First of all, we need to understand what machine learning is as a whole. And for this, we'll have to go through the inevitable comparison of machine learning with classical algorithms.

A classical algorithm can be thought of as an instruction, each point of which is strictly executed. For example, it's easy to imagine a cake recipe: take so many grams of the first ingredient, add so much of the second, then more, then bake for a certain time at a certain temperature. And, if the recipe is well-written and the quality of ingredients doesn't change, following the recipe exactly will produce identical cakes.

But this exact following is also a major disadvantage of the classical approach: lack of flexibility. Let's imagine that the quality of some ingredient has changed, for example, flour. As a result, if we put it in strictly according to the recipe, the dough will be too thin or too thick. A confectioner will likely notice this and adjust the recipe. That is, the executor themselves starts changing the parameters of the algorithm they're working with. This is the basis of machine learning.

But for a person, such a recipe change is largely intuitive and based on their experience and common sense. For a computer, however, only instructions exist. And essentially, to implement machine learning, we need to create an algorithm that changes another algorithm.
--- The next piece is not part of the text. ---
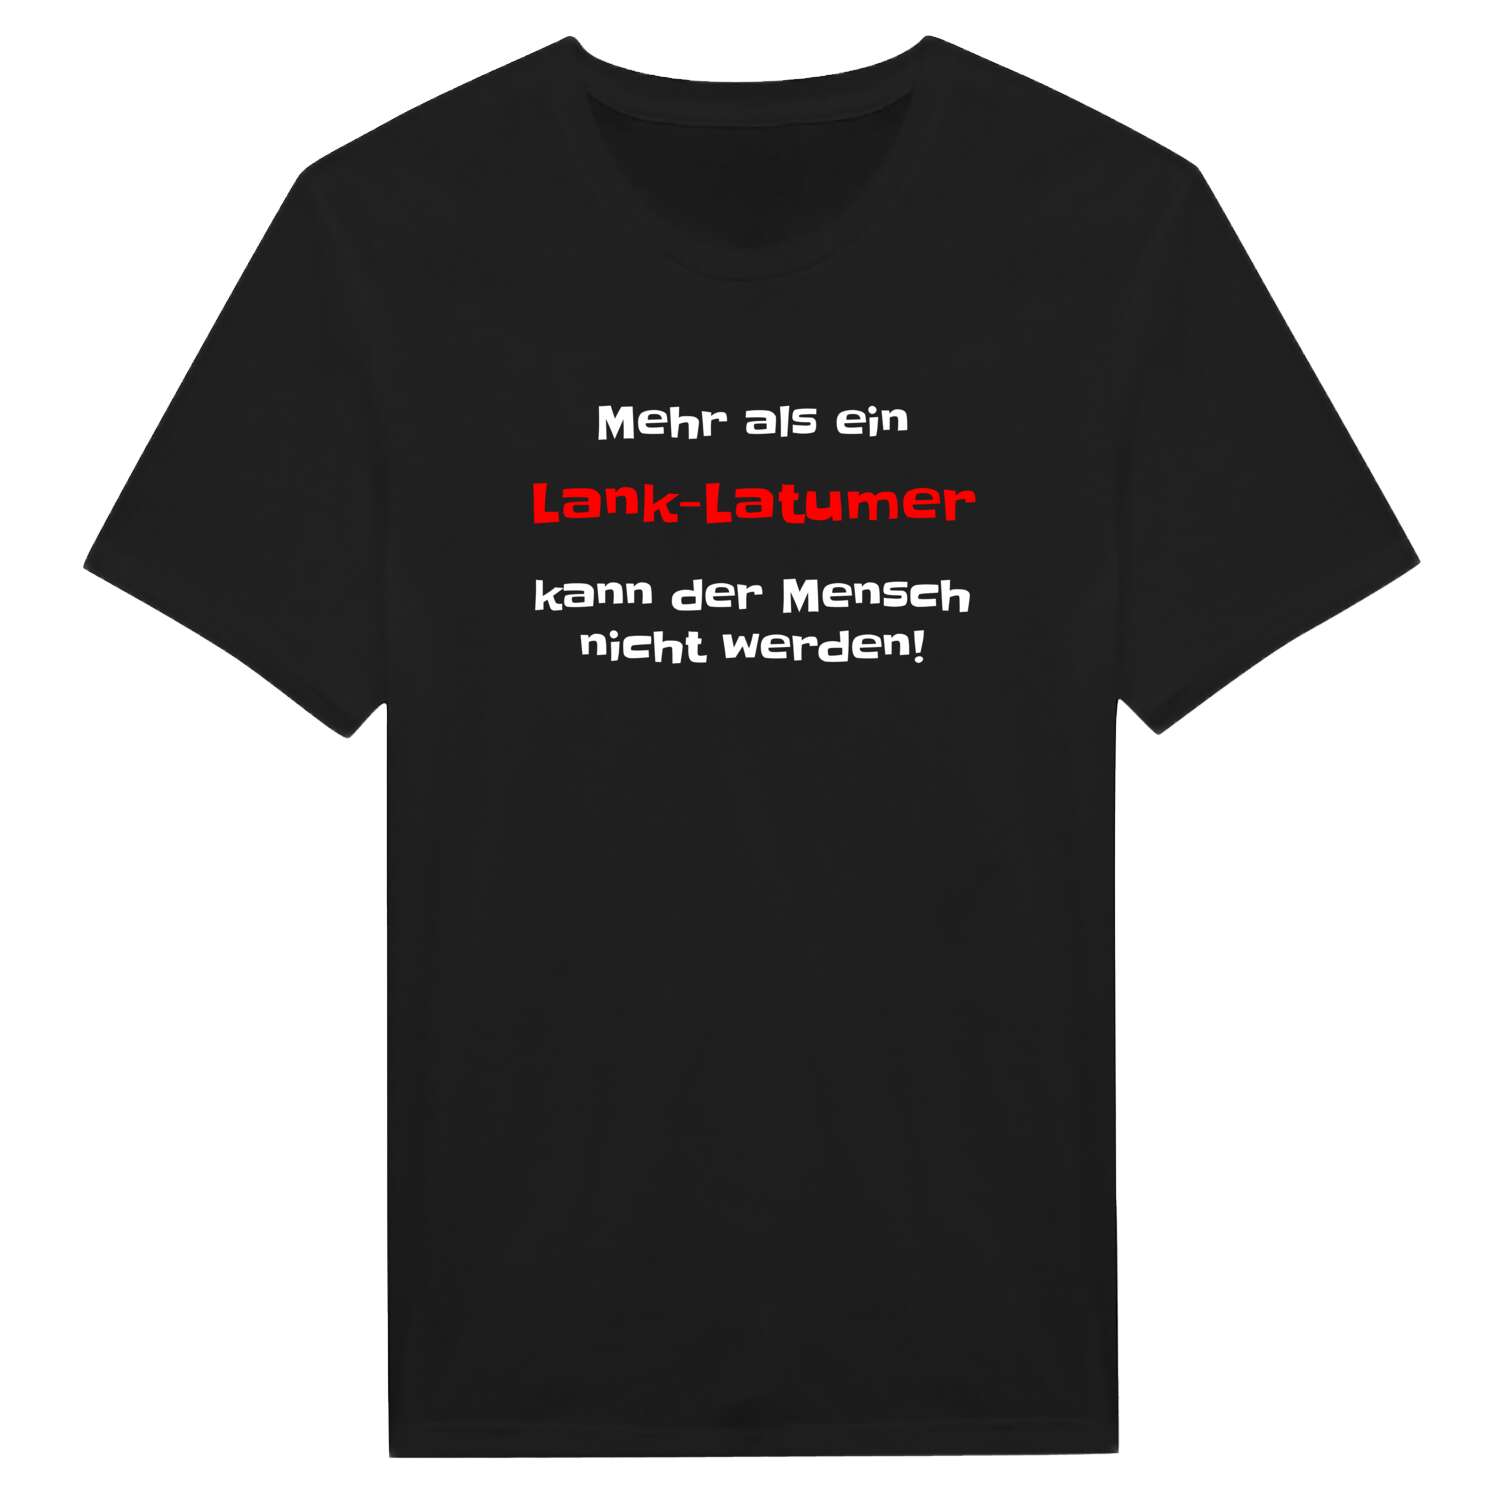 Lank-Latum T-Shirt »Mehr als ein«

The target algorithm (which we're actually changing) is usually called the model of machine learning. The process of tuning this model is what we call training. Thus, without going beyond strict instructions, we can achieve the algorithm flexibility we need.

Supervised or Unsupervised?

Now we need to figure out exactly how we perform training. And here we can draw an analogy with how people learn, or rather — children.

Let's say we're teaching a child the names of animals. We have a set of pictures, we show them to the child and ask who is in it. If the child names the animal incorrectly, we prompt them with who is actually there. And in this way, the child gradually learns all the names. This variant is called supervised learning. In other words, it implies the presence of someone who knows all the answers and can check the learner's answers.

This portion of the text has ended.